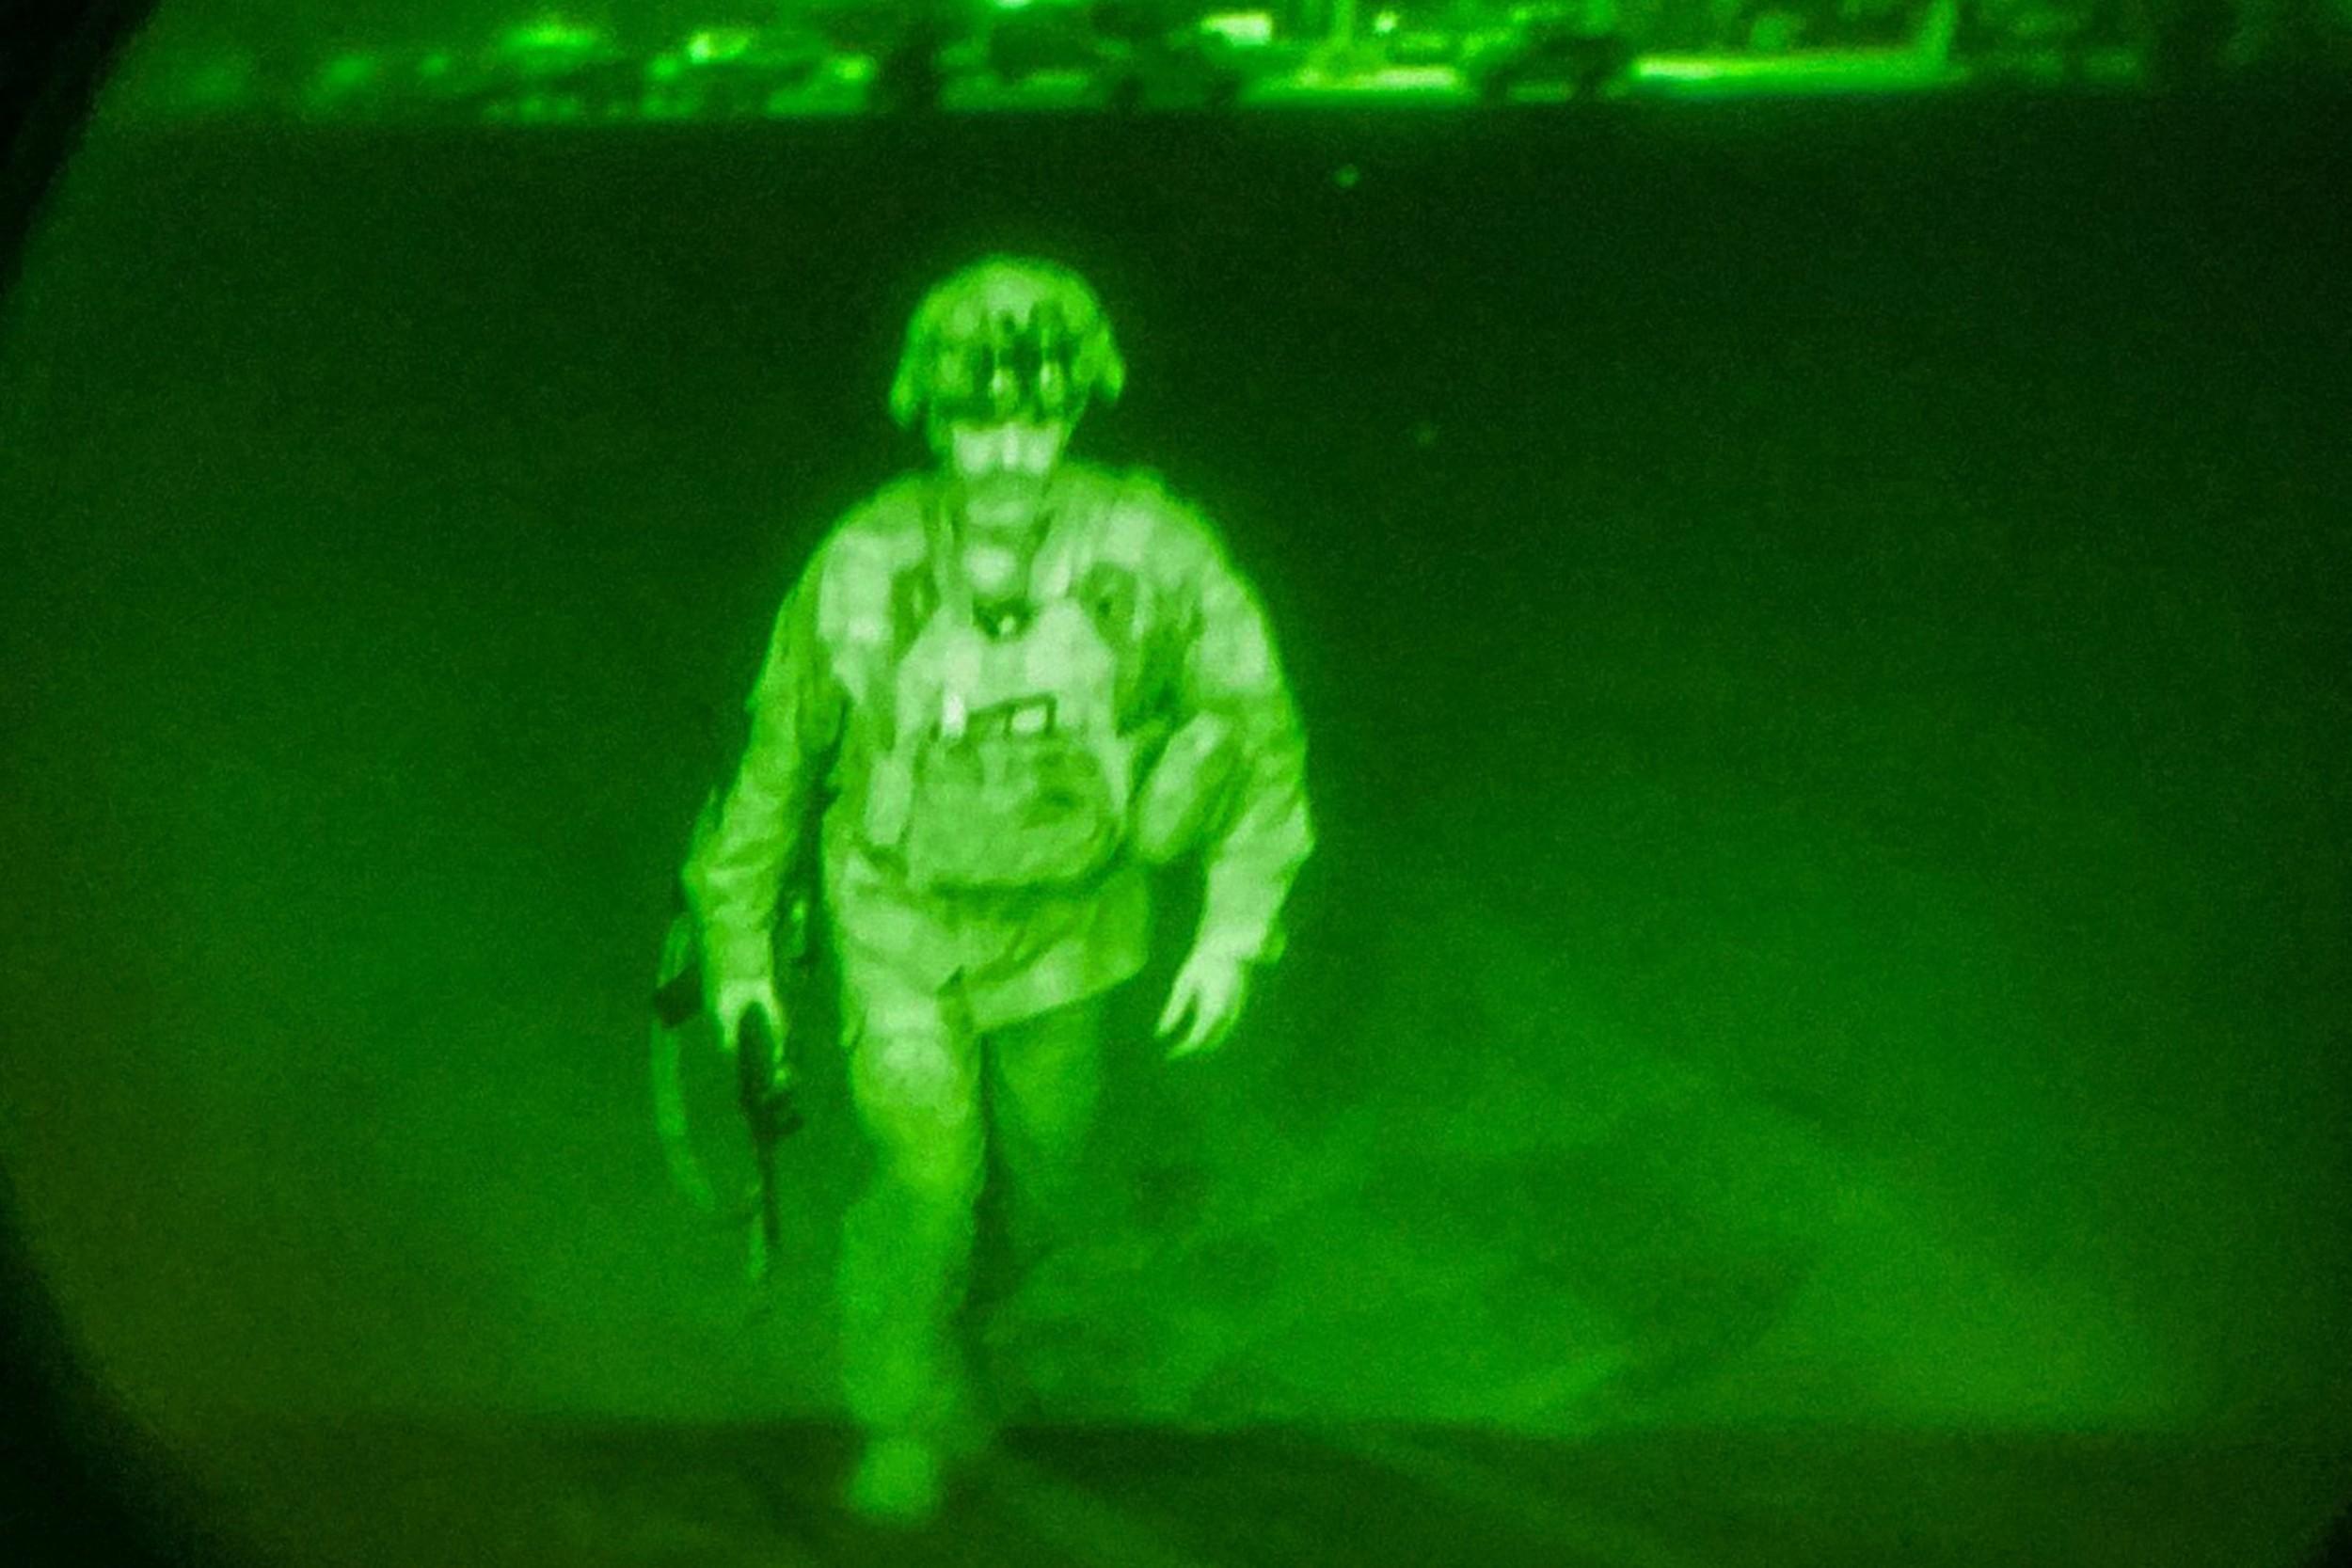 अफगानिस्तान छोड्यो अन्तिम अमेरिकी सैनिकले, सबै सैन्य सामग्री ध्वस्त पारियो
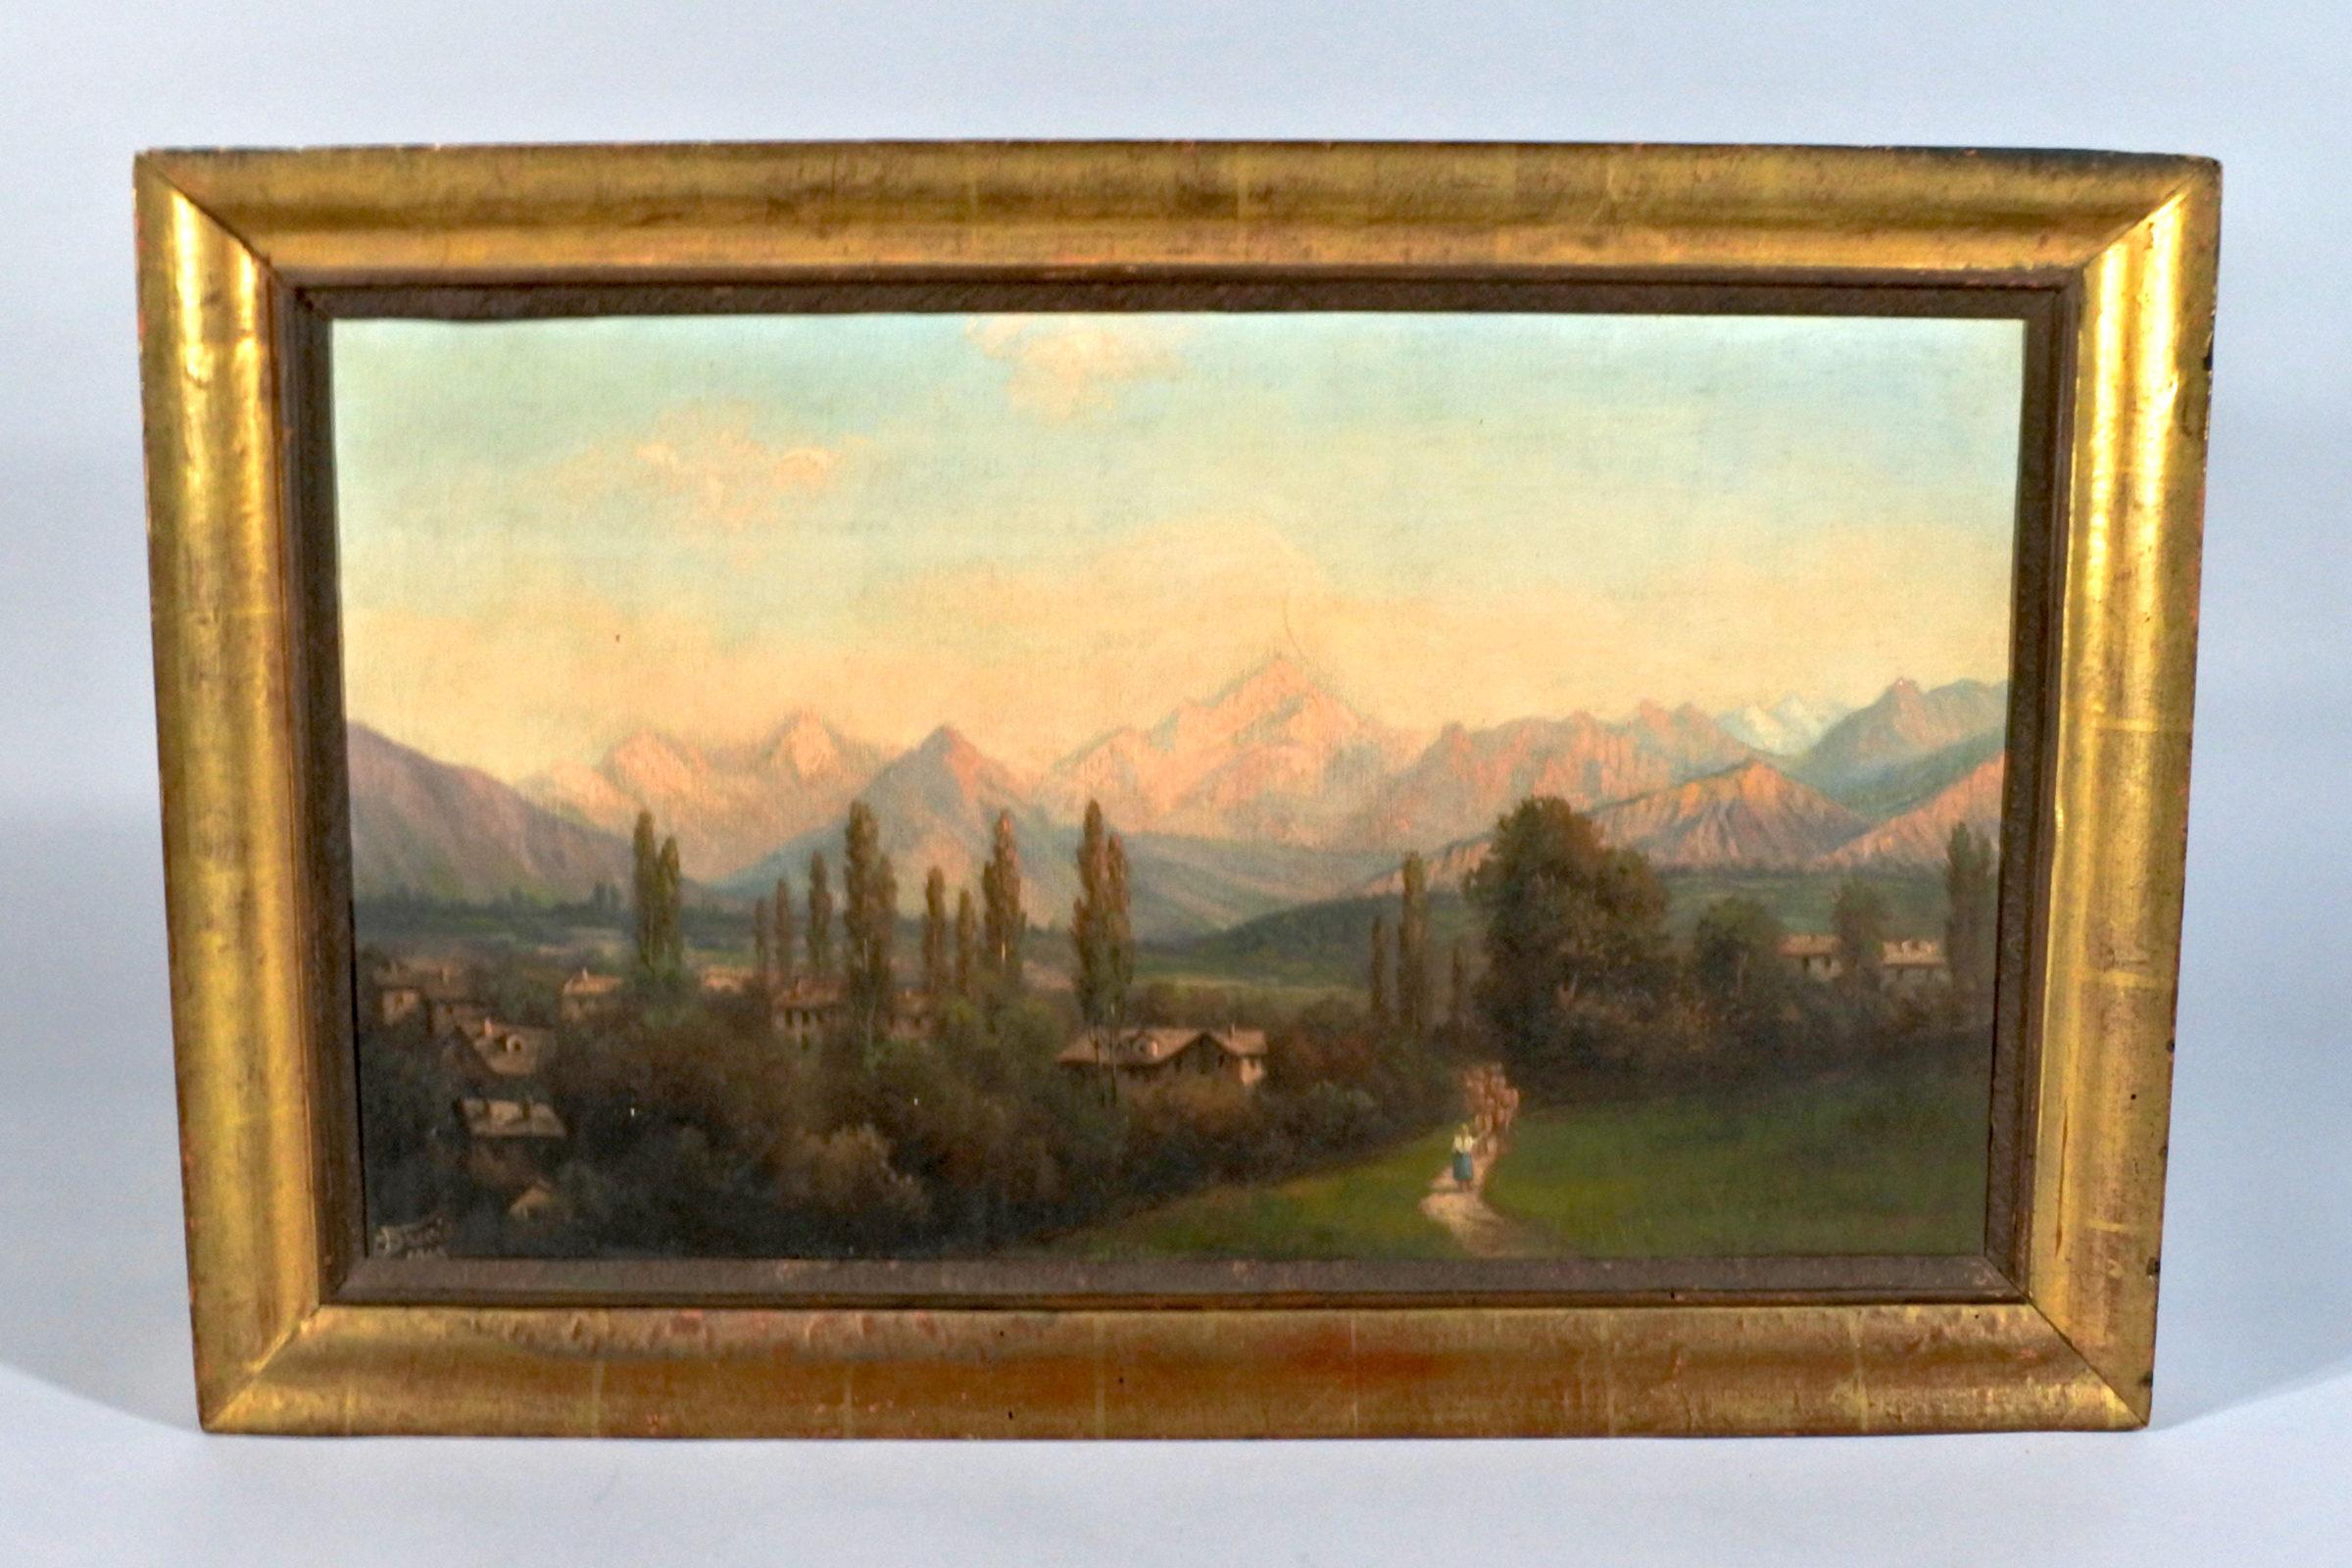 Quadro ad olio su masonite rappresentante paesaggio - Inizi XX° secolo
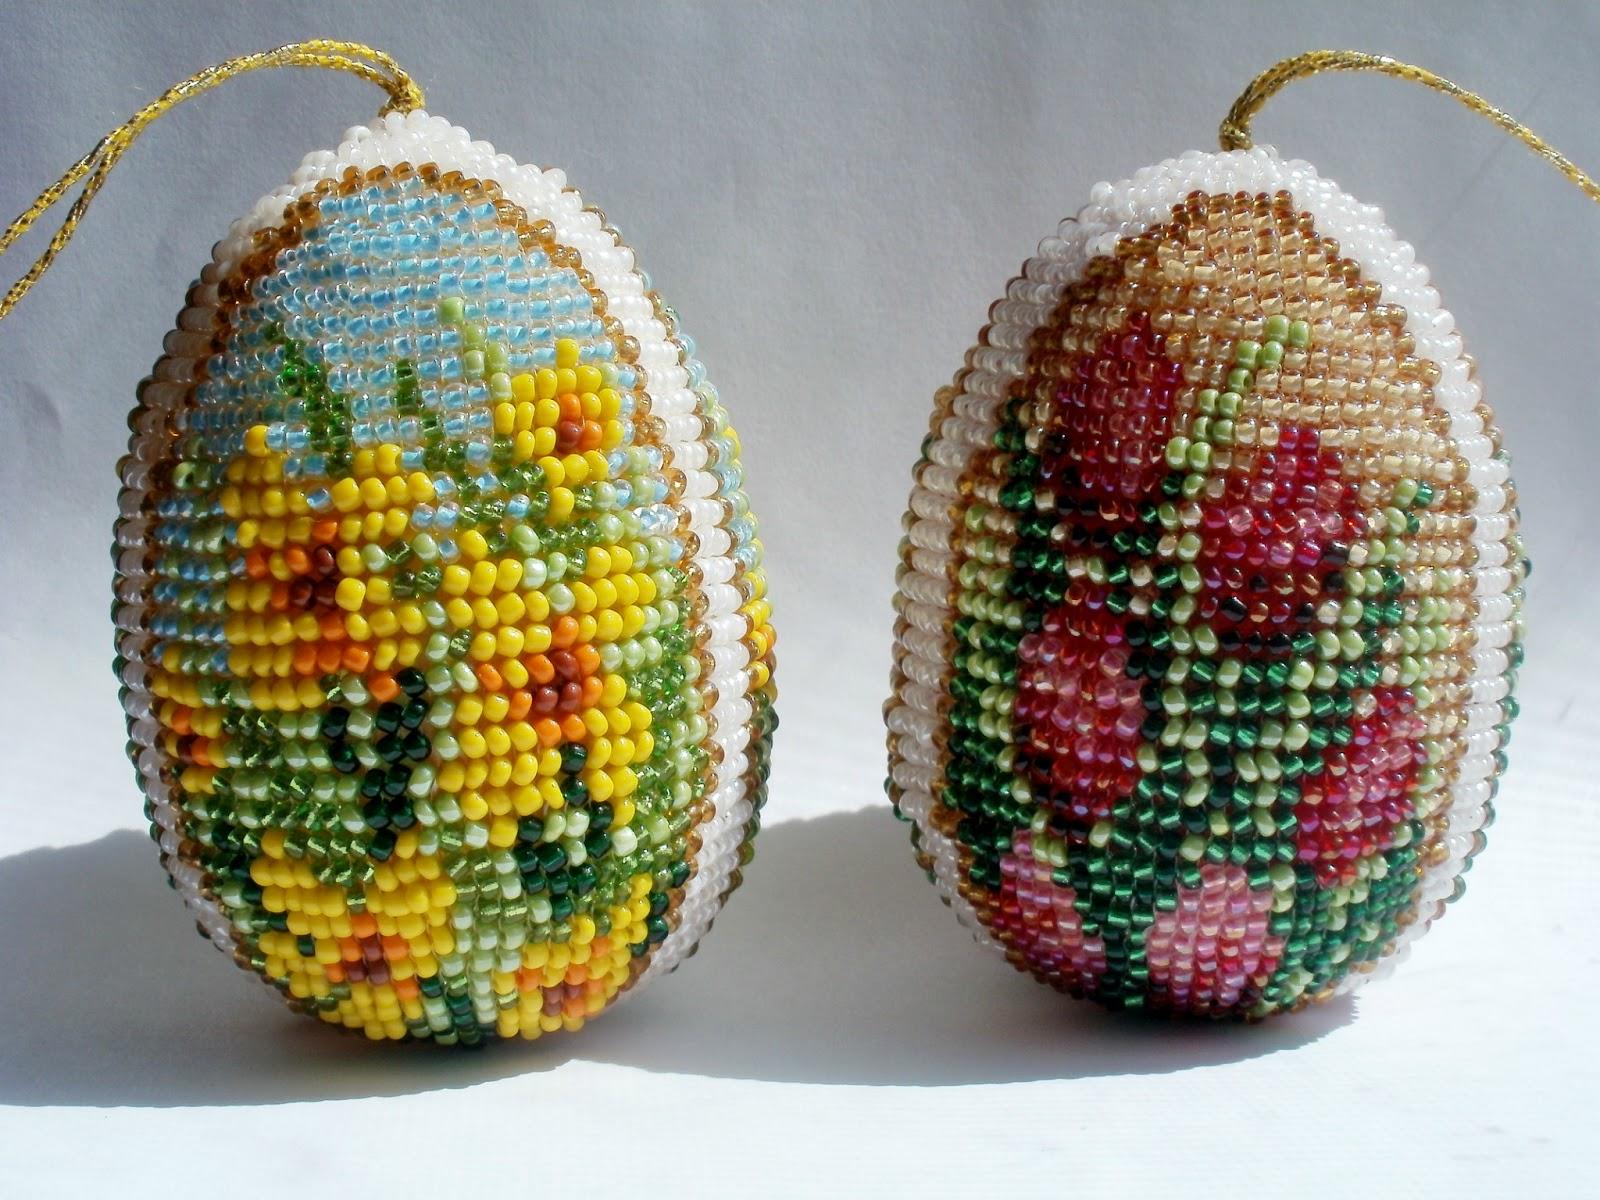 Уже остается совсем мало времени до Пасхи и я предлагаю пять красивых схем для пасхальных яиц оплетенных бисером.

What is needed:
Since the listing holds pictures, return everything else in it exactly and omit those.

Solution:
 अफगानिस्तान छोड्यो अन्तिम अमेरिकी सैनिकले, सबै सैन्य सामग्री ध्वस्त पारियो
 Quadro ad olio su masonite rappresentante paesaggio - Inizi XX° secolo
 Уже остается совсем мало времени до Пасхи и я предлагаю пять красивых схем для пасхальных яиц оплетенных бисером.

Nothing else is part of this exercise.